Brazilian Journal of Nephrology

versão impressa ISSN 0101-2800versão On-line ISSN 2175-8239

J. Bras. Nefrol. vol.41 no.2 São Paulo abr./jun. 2019 Epub 06-Set-2018

http://dx.doi.org/10.1590/2175-8239-jbn-2018-0062

INTRODUÇÃO

A glomerulonefrite pauci-imune é mais comum em adultos do que em crianças e está associada à positividade do ANCA em 80% dos pacientes. A positividade do ANCA também comumente acompanha vasculites de pequenos vasos, como granulomatose com poliangiite, poliarterite nodosa microscópica (PAN) e síndrome de Churg-Strauss.1 A GN Pauci-imunológica é um dos padrões habituais de envolvimento renal nessas síndromes vasculíticas. No entanto, a positividade do ANCA nem sempre desempenha um papel na etiologia e nem sempre é um marcador de diagnóstico preciso. Em um número limitado de casos, o ANCA é negativo e o envolvimento renal é isolado. Há alguns relatos de GN rapidamente progressiva induzida por drogas, secundária à penicilamina, propiltiouracil e hidralazina.2

Devido à natureza rara e urgente da patologia, estudos randomizados controlados não são viáveis e os relatos de caso são a principal fonte de evidências para o tratamento de crianças com GN renal isolada associada a ANCA. Aqui, relatamos um caso pediátrico que respondeu bem ao tratamento imunossupressor inicial, apesar da histopatologia relativamente grave.

RELATO DE CASO

Uma menina de 7 anos apresentou mal-estar. Ela estava anêmica com aumento do nível de creatinina. Não havia história de artrite, artralgia, infecção, uso de drogas ou sintomas sistêmicos associados. Suas histórias médicas e familiares não eram dignas de nota. Os pais não eram parentes. Ao exame físico, seu peso era de 27 kg (percentil 50) e a altura de 135 cm (percentil 50). A temperatura corporal estava em de 36° C, pulso 75/minuto, frequência respiratória 26/minuto e pressão arterial de 106/77 mmHg (<90 p). Exames laboratoriais revelaram BUN: 27 mg/dL, creatinina: 1,19 mg/dL, TFG (segundo a fórmula de Schwartz): 59 mL/min/1,73m2, Na: 141 mEq/L, K: 5,5 mEq/L, ácido úrico: 5,65 mg/dL, albumina: 3,26 g/dL, colesterol: 162 mg/dL, triglicérides: 161 mg/dL e leucócitos: 7324/mm3. Esfregaço de sangue periférico mostrou dominância normocítica e normocrômica, e ausência de sinais de hemólise. A densidade do exame de urina foi 1018, pH 6, proteína 2+, sangue 3+ e abundância de eritrócitos dismórficos na avaliação microscópica.

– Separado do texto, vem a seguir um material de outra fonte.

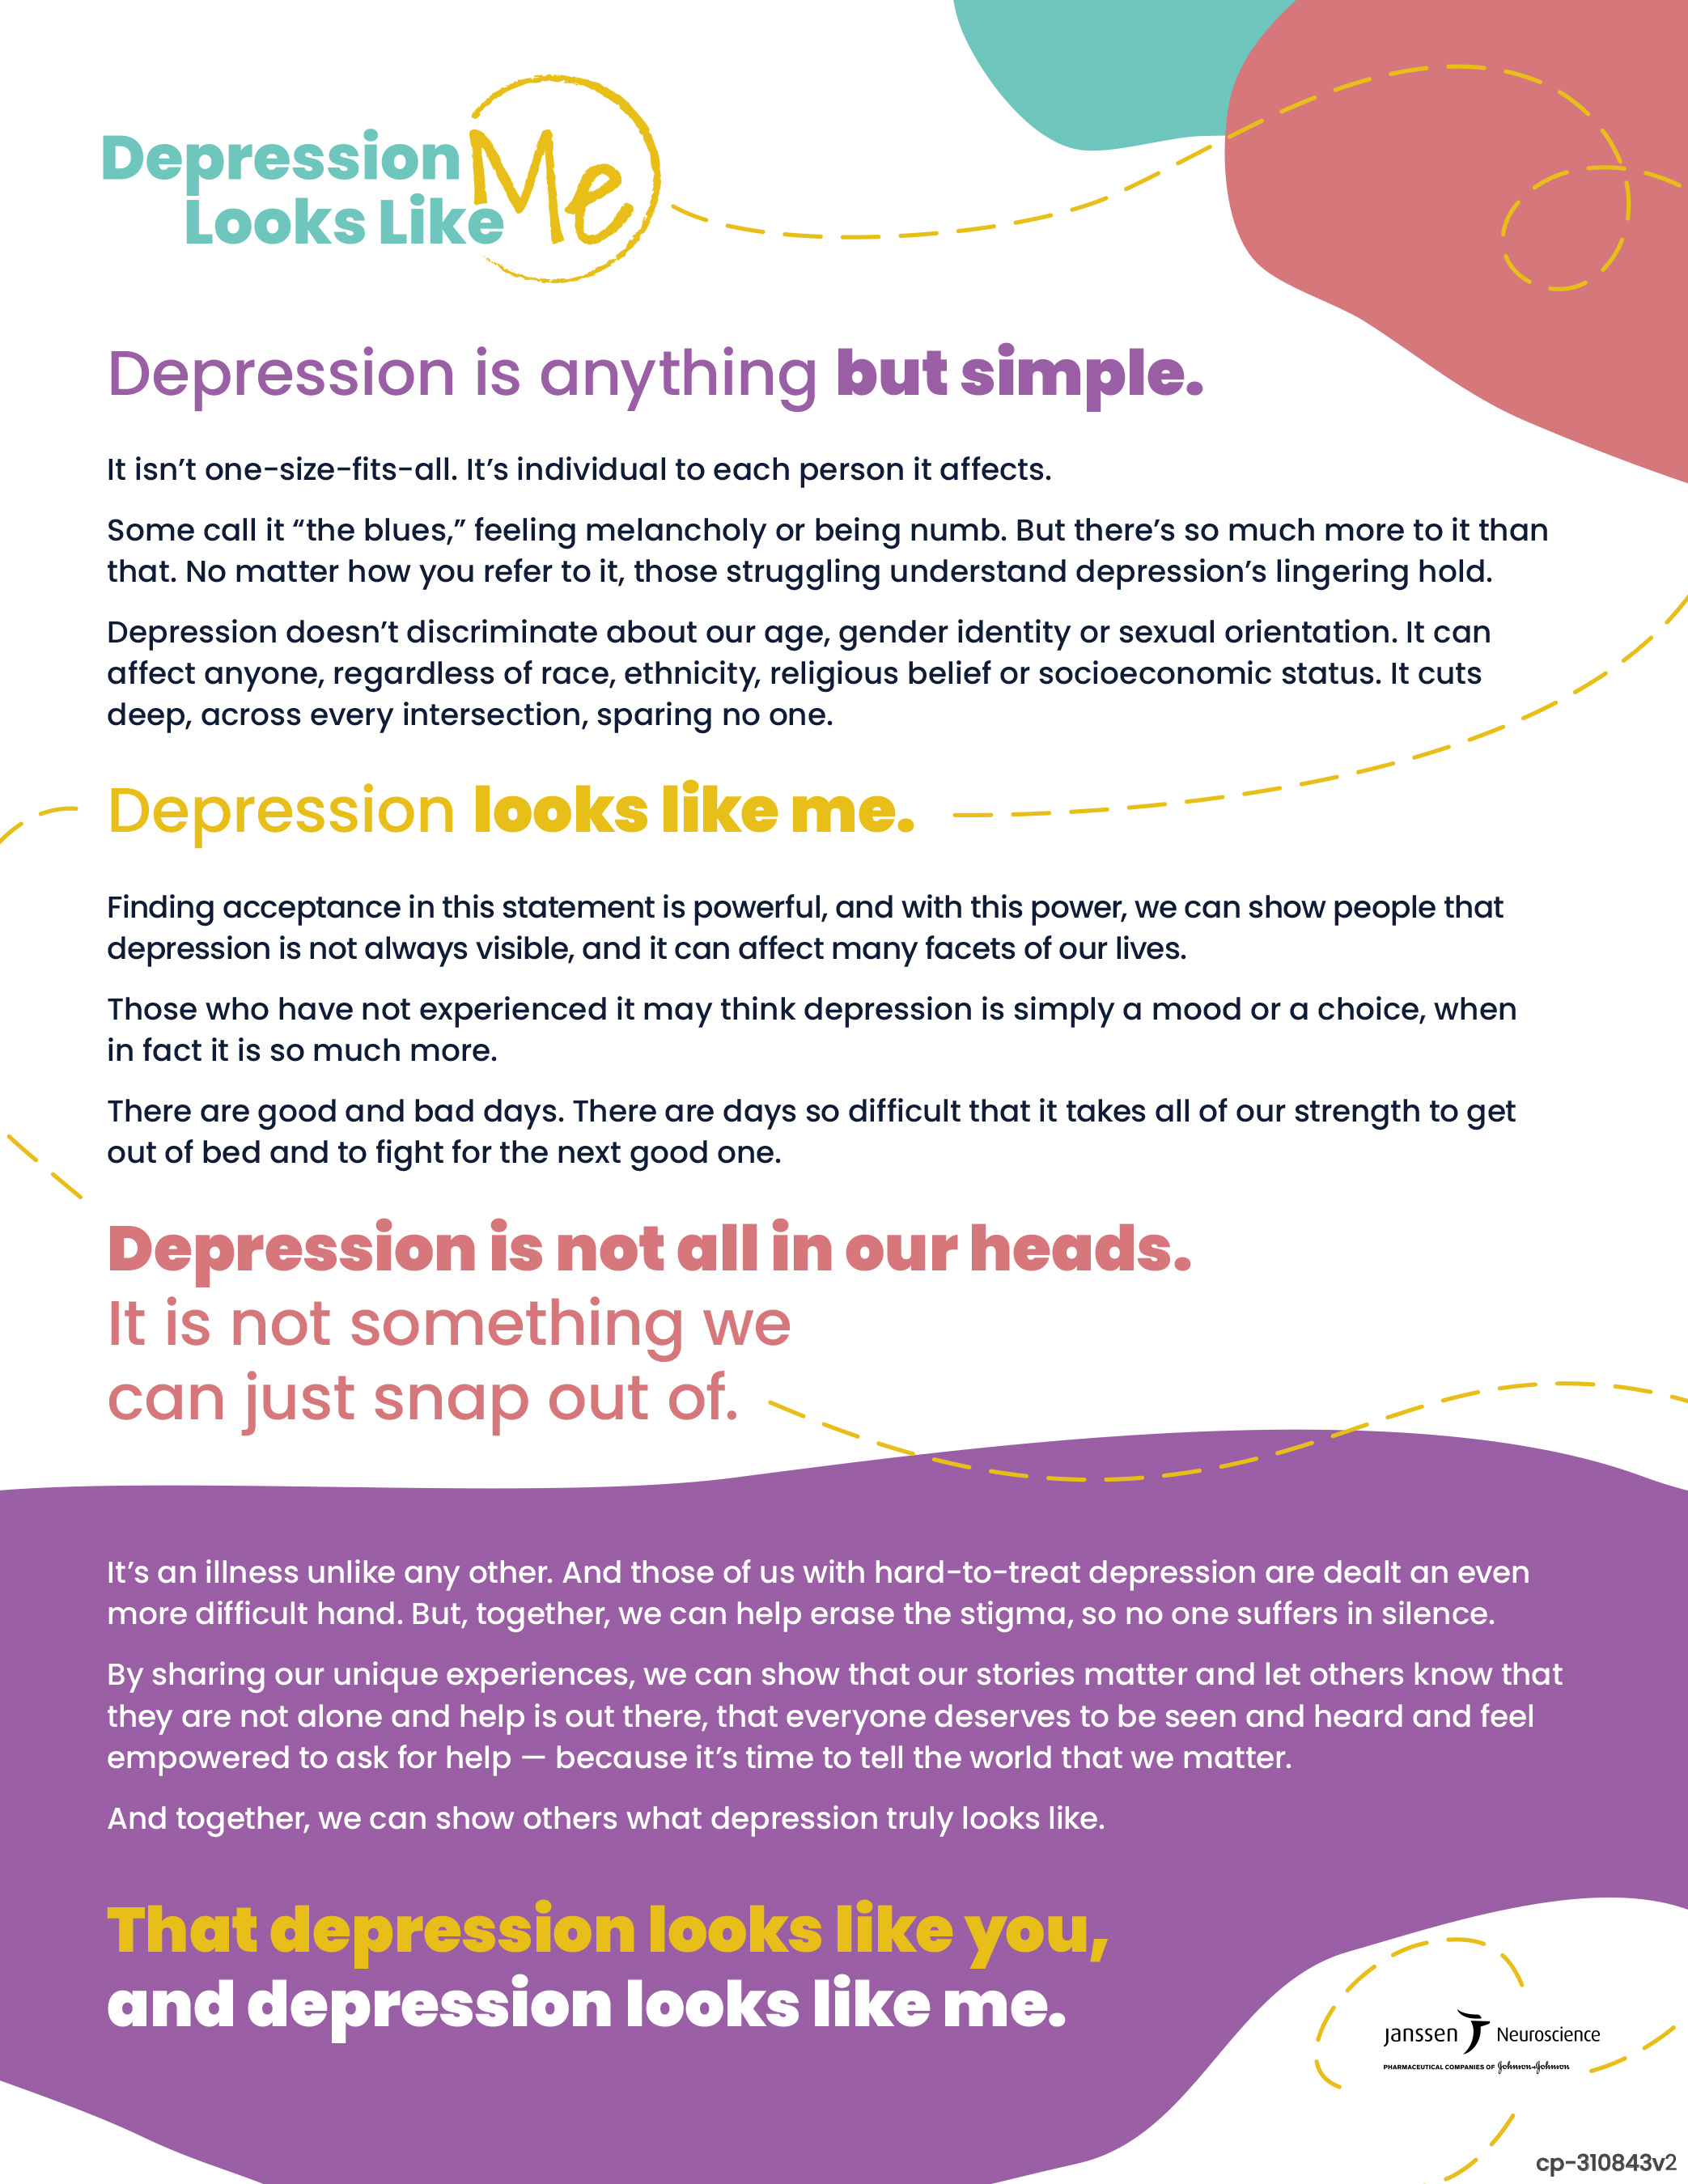 Depression Looks Like Me Campaign Manifesto

A excreção de proteína na urina de 24 horas foi de 71 mg/m2/h. Os testes sorológicos revelaram C3: 183 mg/dL, C4: 40,8 mg/dL, ASO: 104, ANA (-), antiDNA (-), ANCA 4+, HbsAg (-), AntiHbs (+), anti-HCV (-). A ultrassonografia renal revelou espessura do rim e do parênquima de tamanho normal, com aumento da ecogenicidade bilateral do grau 1-2. Ecocardiografia e exame oftalmológico foram normais. A biópsia renal revelou GNRP pauci-imune com 12 crescentes celulares, 4 fibrocelulares e 4 globalmente escleróticos (20/25; 80%) de 25 glomérulos. Atrofia tubular e inflamação intersticial com infiltração predominantemente linfocitária foram observadas. Vasos e áreas perivasculares estavam normais (Figura 1). A microscopia de imunofluorescência não mostrou depósito imunológico significativo. Quanto ao tratamento, a paciente recebeu três pulsos de metilprednisolona (30 mg/kg) e ciclofosfamida (CYC) 2 mg/kg/dia por 3 meses com prednisona oral 1 mg/kg/dia. No mês seguinte, a remissão foi alcançada com creatinina sérica normal, e foi de 0,65 mg/dL no 3º mês de seguimento (Figura 2). O título sérico de p-ANCA diminuiu de 4+ para 1+. Então, a prednisona oral foi reduzida para 10 mg/dia. No seguimento clínico, a paciente continua em remissão.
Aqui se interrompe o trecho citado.